From this scenario, the need for a careful evaluation of the diagnostic tools available for these infections clearly emerges. At this aim, in this work we have defined “our” criteria for case definition (Table 3) on the basis of the results of the diagnostic tests routinely used in our laboratory. However, it must be underlined that the final case definition for each patient is up to the clinician, and at this aim criteria are well defined in the National Plan for Arbovirus surveillance [30, 31] issued annually by the Italian Ministry of Health.

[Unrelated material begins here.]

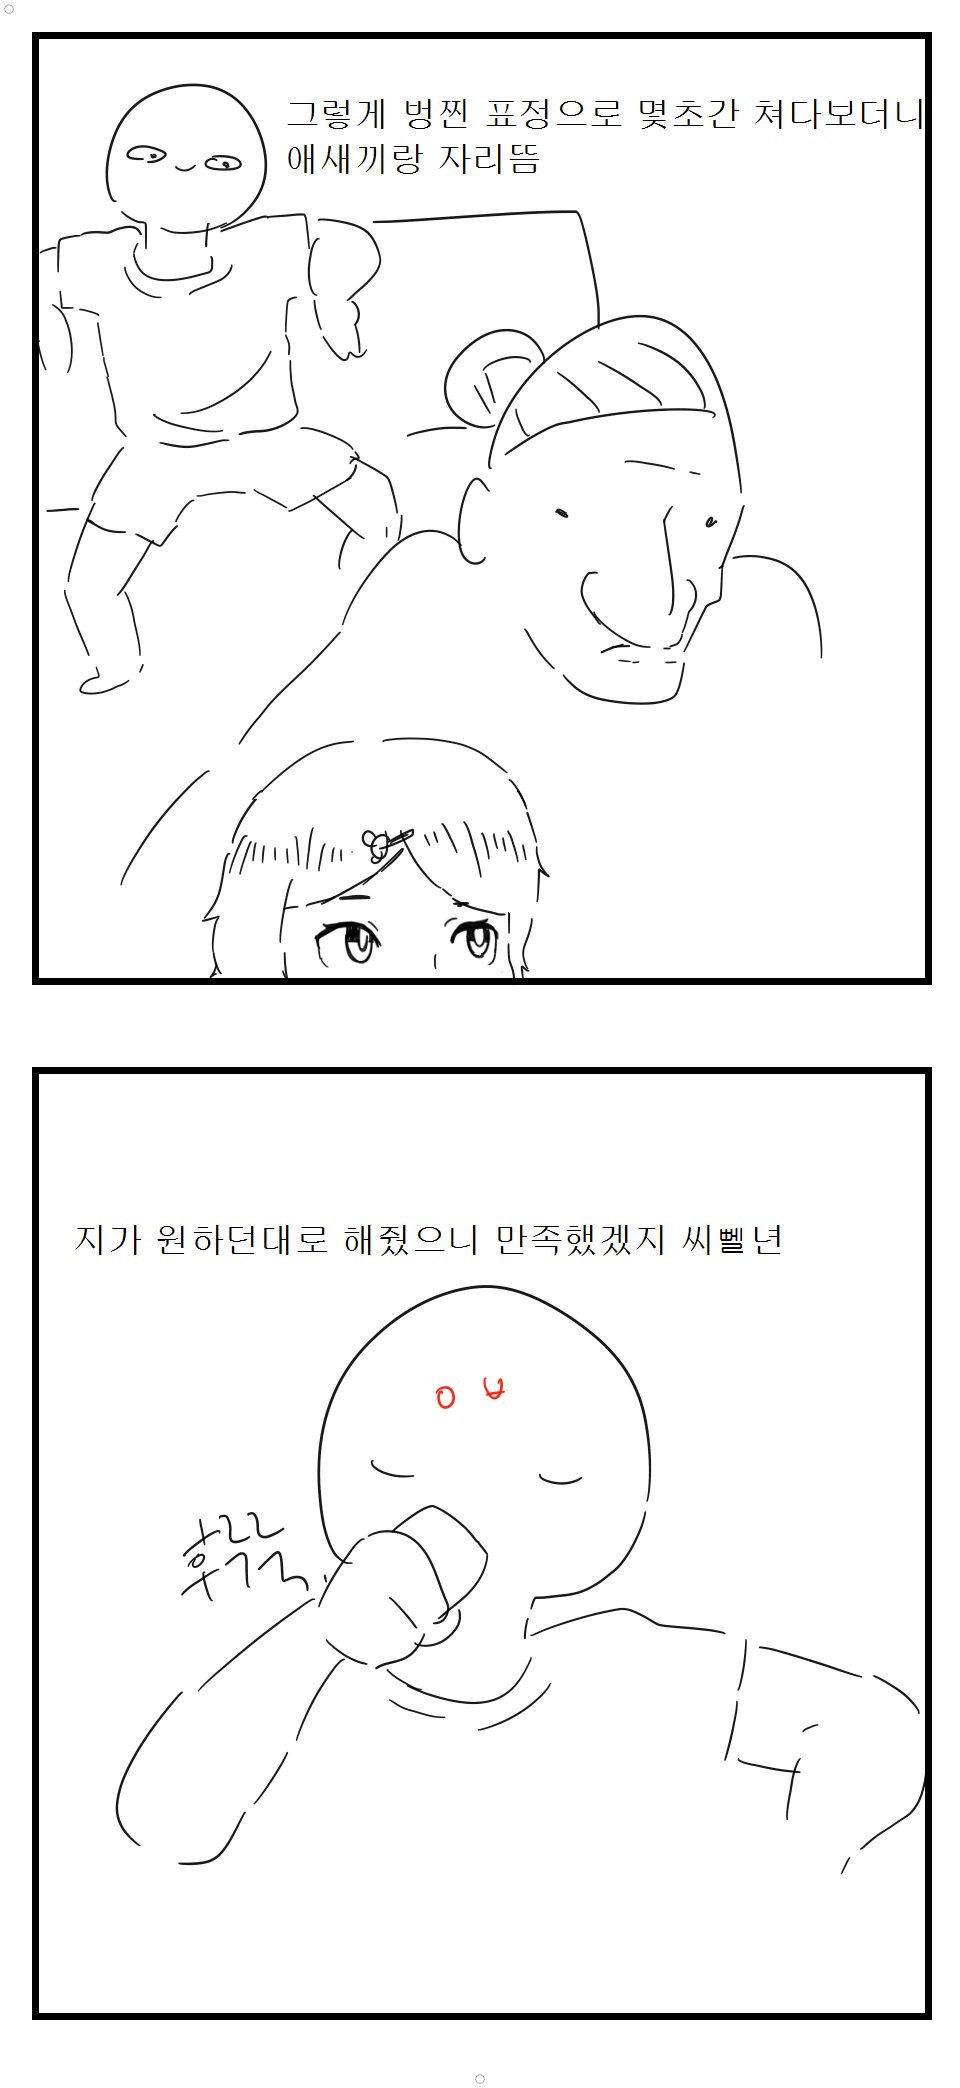 예전에 레전드 쉰김치 아줌매미 놀래킨 썰만화 재밌네 (다른만화) ㅋㅠㅋㅋ 이미지 #2

Molecular approaches for the diagnosis of viral infections are the most rapid as well as sensitive and specific. Moreover, sequencing and phylogenetic analysis of detected viruses can contribute to the knowledge of circulating viral strains and of the degree of their genetic variability. However, as suggested by our data, the use of molecular techniques is limited by the short duration of viremia during the course of the infection. With respect to serological diagnosis, we assessed some limitations in the sensitivity and/or specificity of the ELISA IgM kits routinely used in our laboratory, and also some degree of discrepancy with IgM results obtained by different laboratories. We have estimated approximately 14.5% of false positive and 11.0% false negative results for DENV, and approximately 9.6% of false negatives for CHIKV. Although the main purpose of our study was not a detailed analysis of the performances of different IgM detection systems, our data strengthen the need to confirm the diagnosis of cases defined as probable on the basis of IgM tests results. With respect to the PRNT, we have defined as “borderline” results those in which 50%,(i.e., less than 80%) of plaque reduction was observed. We found that b.l. PRNT results can be obtained in different situations. In most cases, they can be observed in samples collected soon after the onset of symptoms, and can be considered as an early, specific, response to the infection. In some cases, however, b. l. PRNT results can be due to infection by a closely related virus: we have observed a b.l. PRNT result for ZIKV in a DENV confirmed, DENV PRNT positive case; and, conversely, a DENV b.l. PRNT result in a ZIKV confirmed, ZIKV PRNT positive case. Indeed, even if PRNT is considered the most specific test, there can be some degree of cross-reactivity, thus b.l. PRNT results should always be considered cautiously. Finally, few cases showed b.l. PRNT results for several viruses (such as DENV, CHIKV and WNV), which probably represents a non-specific response of unknown origin, maybe due to an underlying, still undefined pathology.

Conclusion

DENV infection was the most frequently diagnosed cause of illness among travelers, and all four genotypes were detected. An increase in imported CHIKV cases and the first imported ZIKV cases were detected. Major diagnostic issues highlighted in our study are sensitivity limitations of molecular tests, and the importance of PRNT to confirm serological results for the differential diagnosis of Arboviruses. Moreover, the implementation of a network of laboratories involved in surveillance activities throughout the country may greatly improve the preparedness for a rapid a proper recognition of a possible autochthonous outbreak. Finally, the continuous evaluation of laboratory findings in the context of surveillance activities can be of great importance for the development of novel diagnostics, and for field evaluation of the impact of viral diseases, also in view of vaccine development and use.